Change 635030 had a related patch set uploaded (by Phuedx; owner: Phuedx):
[mediawiki/extensions/WikimediaEvents@wmf/1.36.0-wmf.13] SearchSatisfaction: Set isAnon field

https://gerrit.wikimedia.org/r/635030

I've scheduled the above for deployment during today's European mid-day backport window.

Change 635030 merged by jenkins-bot:
[mediawiki/extensions/WikimediaEvents@wmf/1.36.0-wmf.13] SearchSatisfaction: Set isAnon field

https://gerrit.wikimedia.org/r/635030

Mentioned in SAL (#wikimedia-operations) [2020-10-20T11:35:02Z] <lucaswerkmeister-wmde@deploy1001> Synchronized php-1.36.0-wmf.13/extensions/WikimediaEvents/: Backport: [[gerrit:635030|SearchSatisfaction: Set isAnon field (T259250)]] (duration: 00m 57s)

I reran a check of the data following the addition of the isAnon field to the SearchSatisfaction Schema and confirmed we are now recording logged in status for all the search events.

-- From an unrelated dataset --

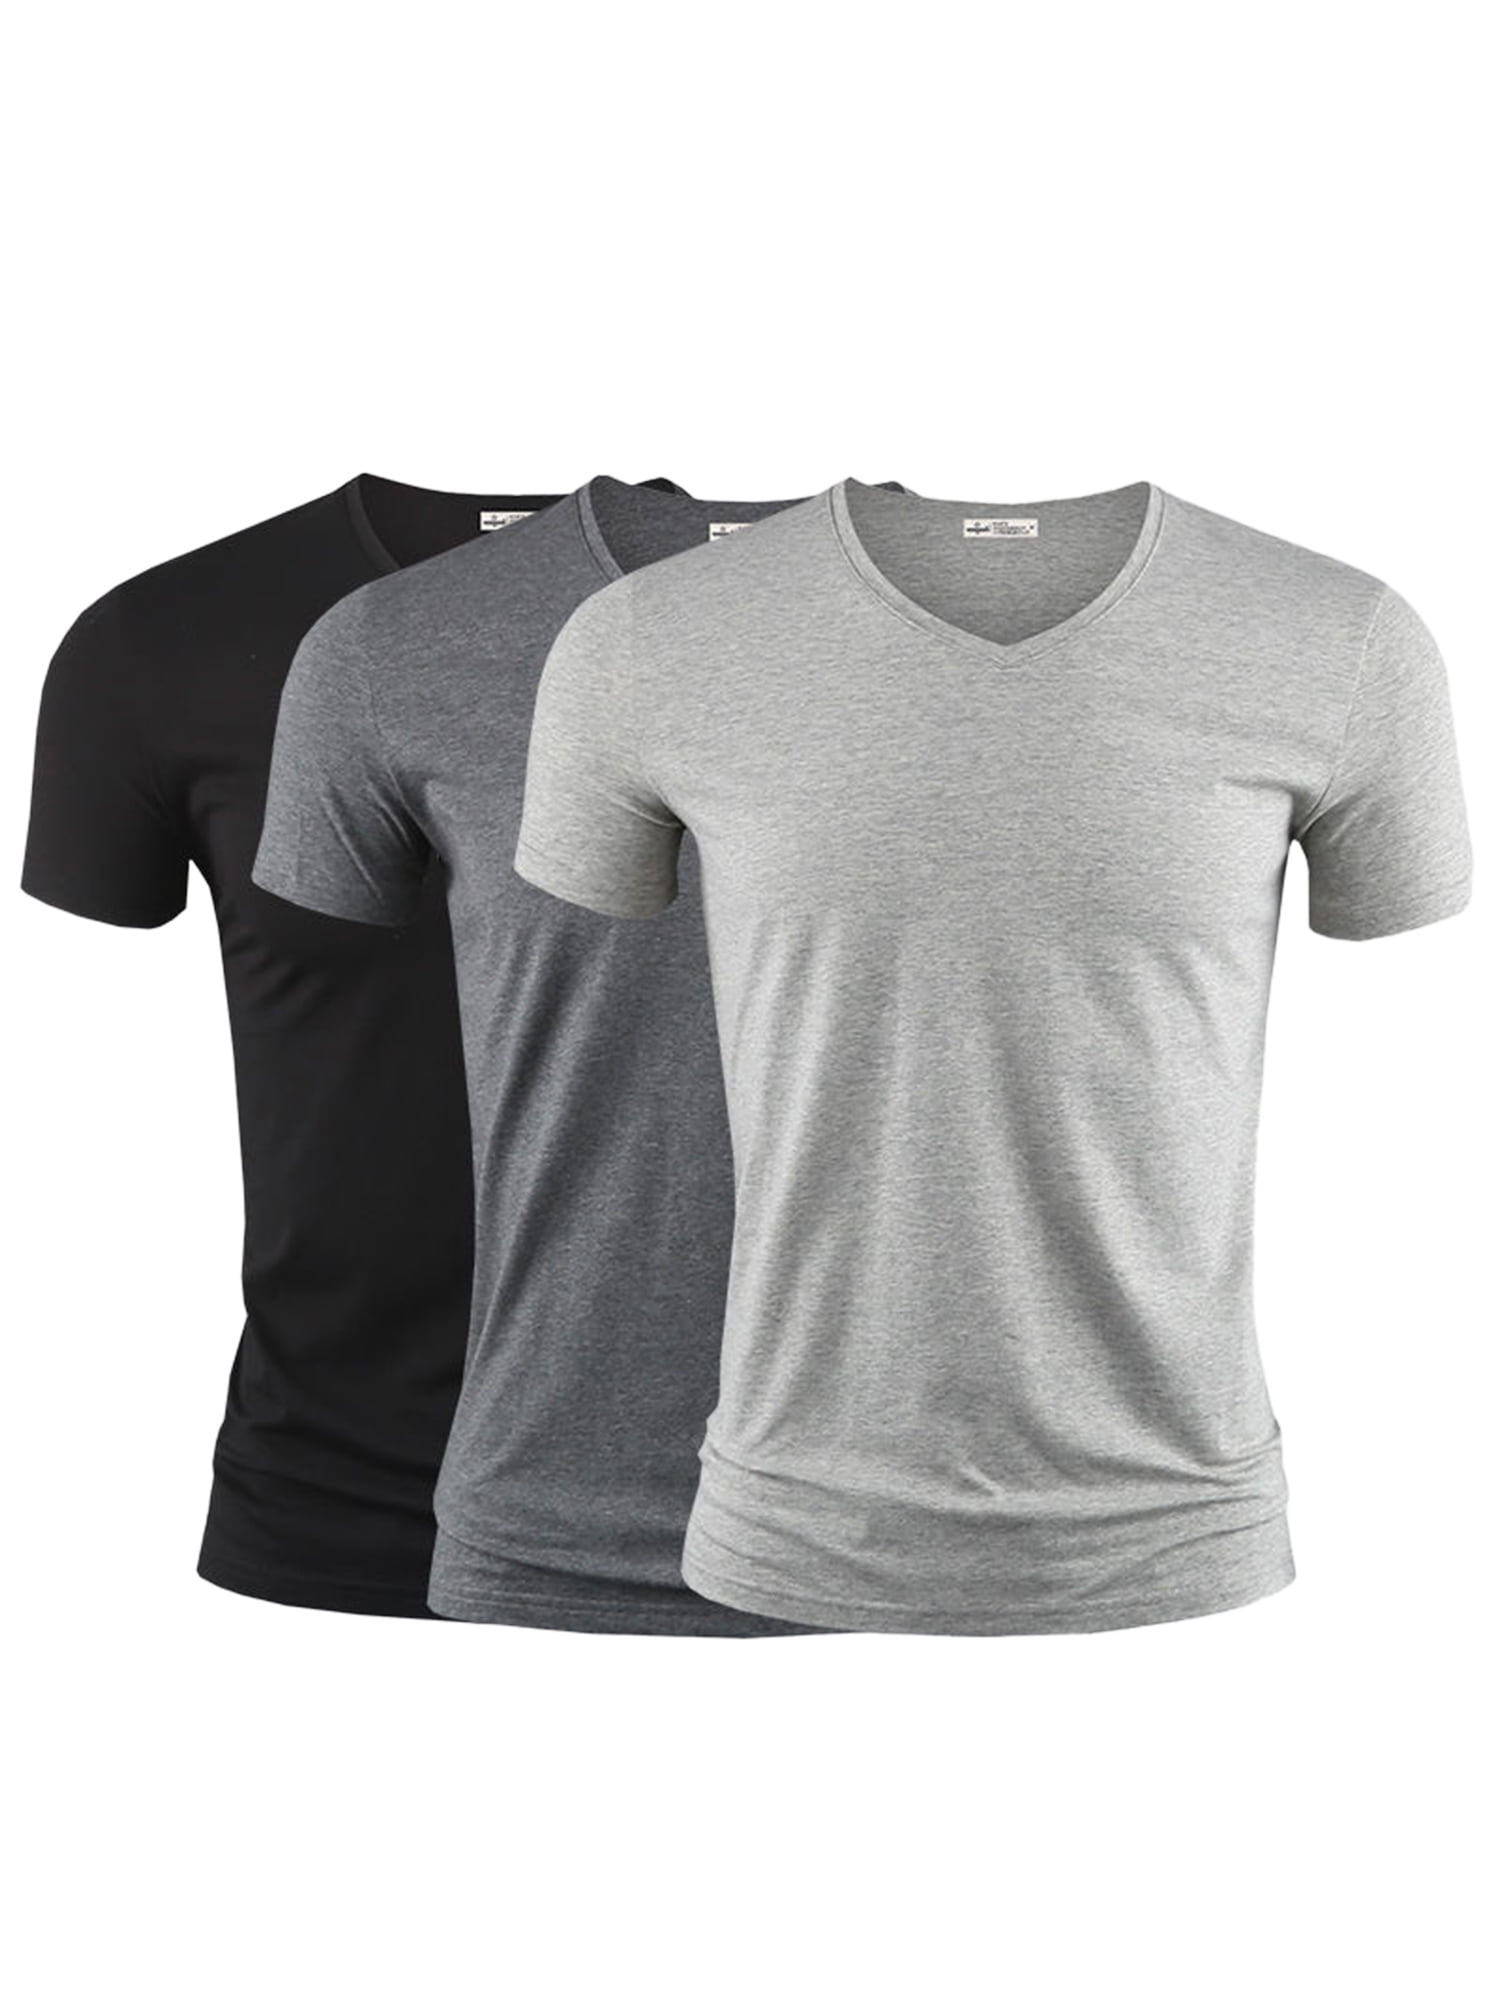 Hugo Boss Mens Solid Basic T-Shirt

@ovasileva - The data for the AB test now looks good and we should be set to run for 2 weeks. Based on the deployment date of the isAnon field, that would mean we should run the test through at least 3 November 2020. See details/notes below and let me know if you have any questions.

Here are the number distinct search sessions recorded for those in the AB test (logged-in users on partner wikis) from 20 October (when the isAnon field was added) through 23 October.

Distinct Search Sessions and Events for Users in Search Move AB Test

search_locationwikinum_eventsnum_sessions
header-movedeuwiki964194
header-navigationeuwiki610140
header-movedfawiki3192535
header-navigationfawiki2877508
header-movedfrwiki263864944
header-navigationfrwiki315025793
header-movedfrwiktionary2658459
header-navigationfrwiktionary1946351
header-movedhewiki702272
header-navigationhewiki503281
header-movedptwikiversity41
header-navigationptwikiversity62

The buckets appear to be balanced for each wiki (The current differences are within the probable range of a random 50/50 split). Note: Portuguese Wikiversity currently has very few search events from logged in users. I'll recheck incoming events over the next few weeks but it will likely be difficult to determine the effect of the search header move on this wiki unless we get a bigger sample size.

@ovasileva - Per our discussions, marking this as resolved but let me know if you have any questions and I can reopen.